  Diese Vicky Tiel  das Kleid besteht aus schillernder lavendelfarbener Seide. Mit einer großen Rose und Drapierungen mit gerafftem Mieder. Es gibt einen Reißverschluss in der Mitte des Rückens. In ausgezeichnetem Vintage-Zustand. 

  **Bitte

* * *

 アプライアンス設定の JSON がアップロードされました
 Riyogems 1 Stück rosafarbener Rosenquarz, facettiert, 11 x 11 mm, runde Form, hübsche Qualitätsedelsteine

...

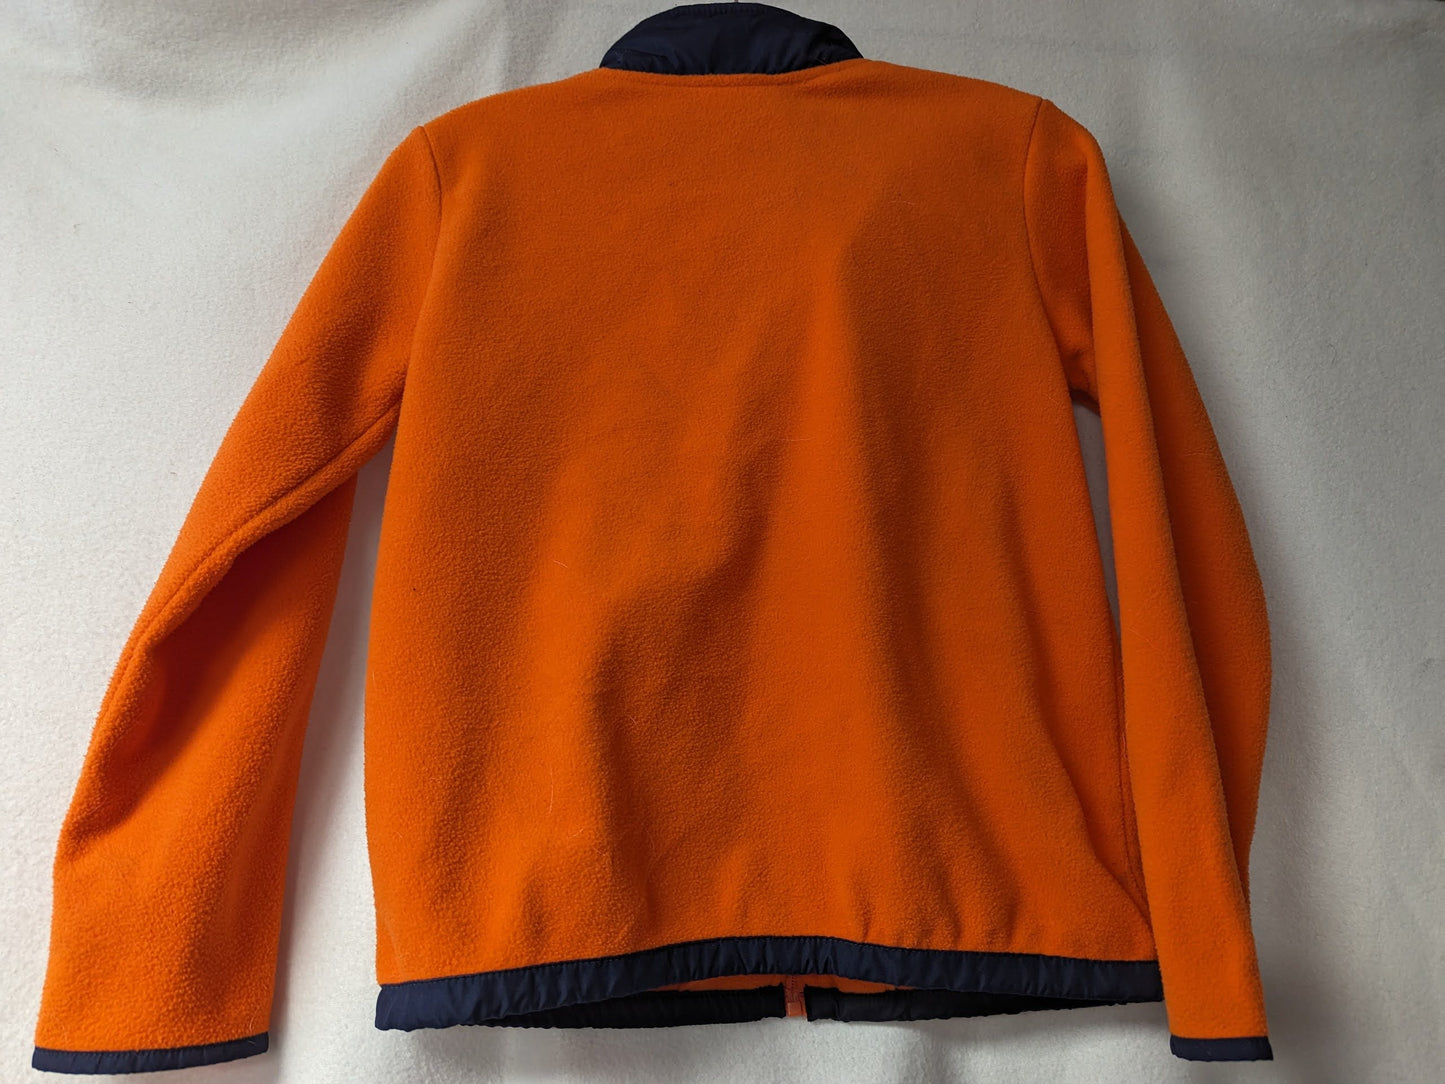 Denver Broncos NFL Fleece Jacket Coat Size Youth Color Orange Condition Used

What is being asked
Lines wanted from the listing above: the line with "アプライアンス設定の JSON がアップロードされました" up to and including the line with "Riyogems 1 Stück". Please write them out exactly, adding nothing else.

Solution to this problem
 アプライアンス設定の JSON がアップロードされました
 Riyogems 1 Stück rosafarbener Rosenquarz, facettiert, 11 x 11 mm, runde Form, hübsche Qualitätsedelsteine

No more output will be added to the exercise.